As described above, the cocoa extract according to the present invention is treated in combination with EGCG, effectively prevents intercellular signaling inhibition through gap binding channel, which is a side effect of EGCG, and enhances the effect of inhibiting MMP activity. Therefore, the anticancer composition to which cocoa extract is added to EGCG is an ideal anticancer agent that minimizes side effects as well as excellent anticancer effect.

1A to 1E are photographs confirming whether intracellular signaling is inhibited through a gap binding channel, a is a positive control group, b is a negative control group, and c is a EGCG 20 ㎍ / ml + cocoa extract 10 ㎍ / ml One group, d was treated with 20 μg / ml of epigallocatechin gallate (EGCG) + 20 μg / ml of cocoa extract, e was treated with 20 μg / ml of EGCG + 40 μg / ml of cocoa extract It's a military.

2 is a graph quantifying the results of FIG. 1.

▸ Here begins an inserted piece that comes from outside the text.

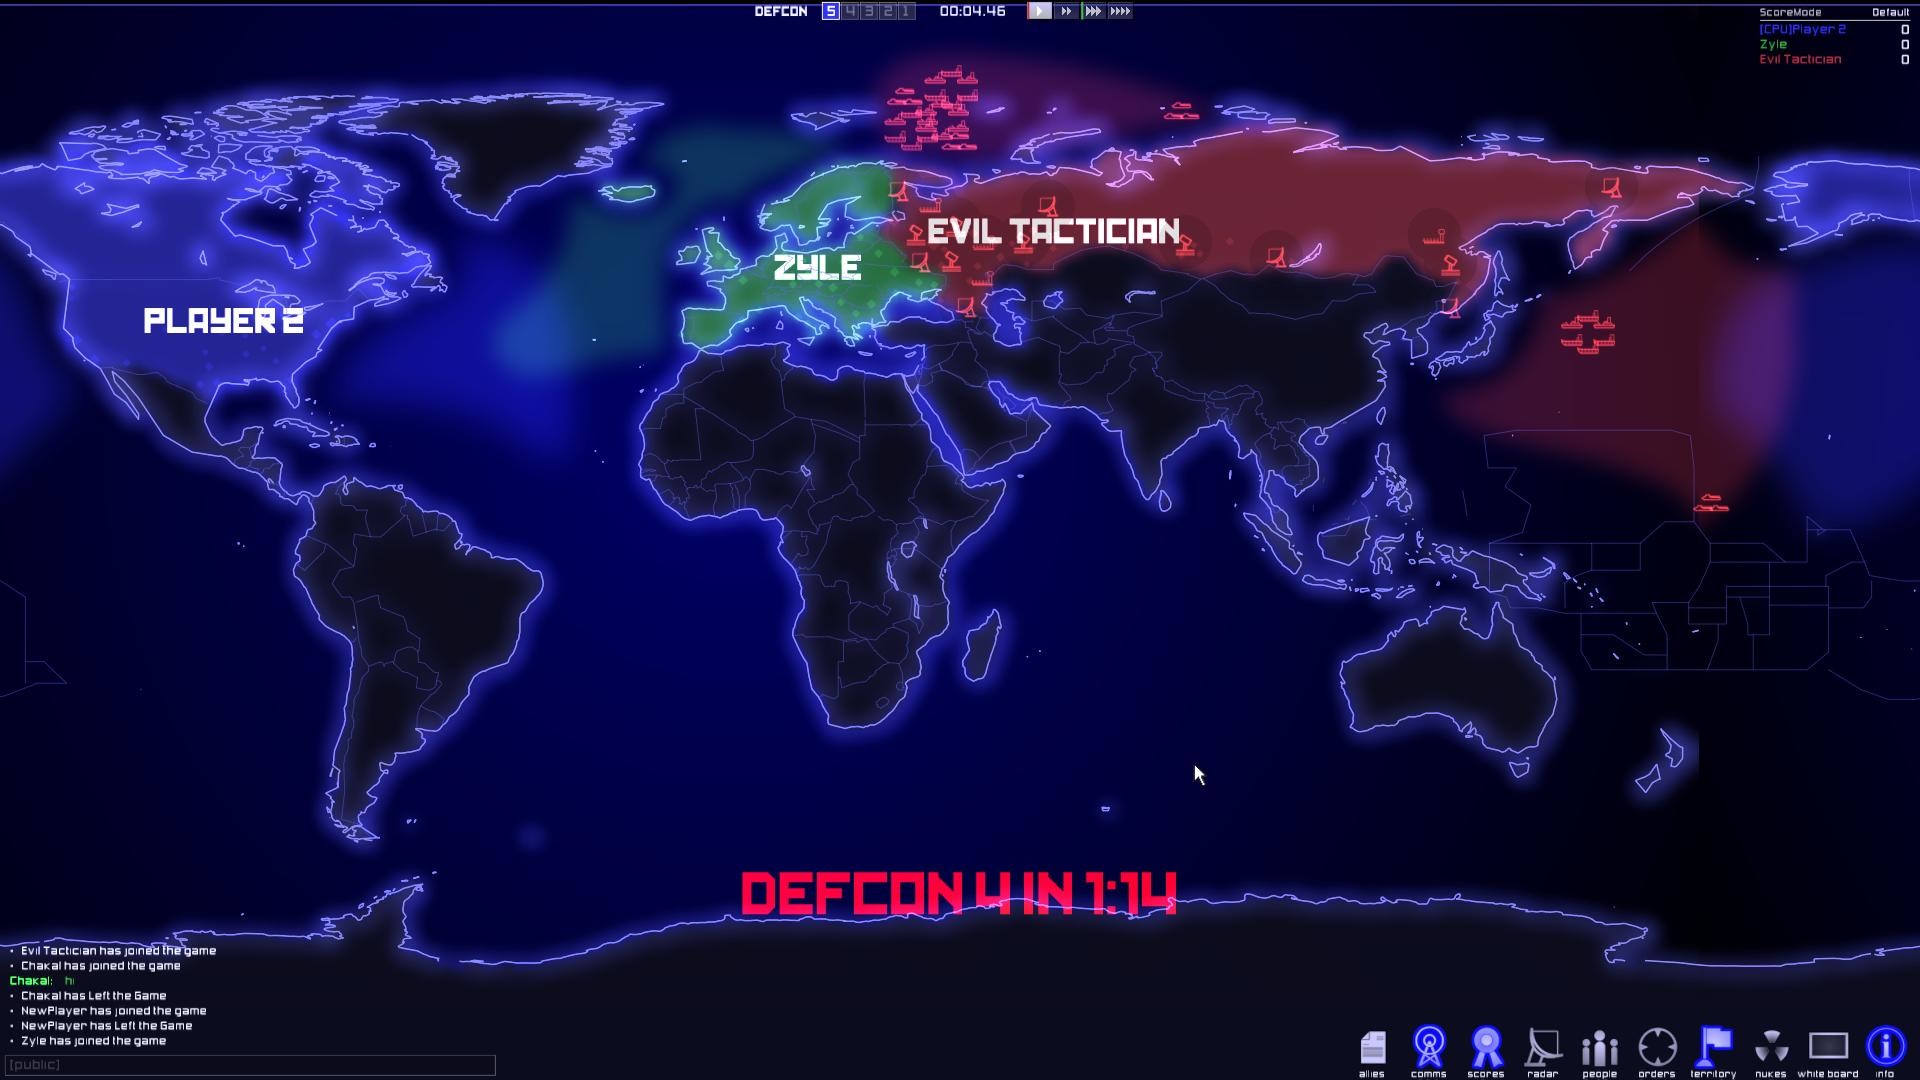 1920x1080 Defcons httpwwwmanapoolcoukdefcon review

Figures 3a to 3c confirms the effect of inhibiting MMP activity when the EGCG, EGCG and cocoa extract mixture respectively treated cancer cell line SK-Hep-1.

Claims (6)

Epigallocatechin gallate (EPIGALLOCATECHIN GALLATE; EGCG) and anti-cancer composition comprising a cocoa extract as an active ingredient. The anticancer composition of claim 1, wherein the composition comprises EGCG and cocoa extract in a 10: 1 to 1:10 weight ratio. According to claim 1, wherein the composition is an anticancer composition comprising 0.1 to 50% by weight of the active ingredient. The anticancer composition according to claim 1, wherein the cocoa extract is extracted from cacao beans with a solvent selected from the group consisting of acetone, ethanol, methanol and diluting water thereof. The anticancer composition of claim 1 wherein the composition is a medicament, a food, a food additive, a beverage, or a beverage additive. The anticancer composition according to claim 1, wherein the anticancer composition is applied to stomach cancer, breast cancer, colon cancer or liver cancer.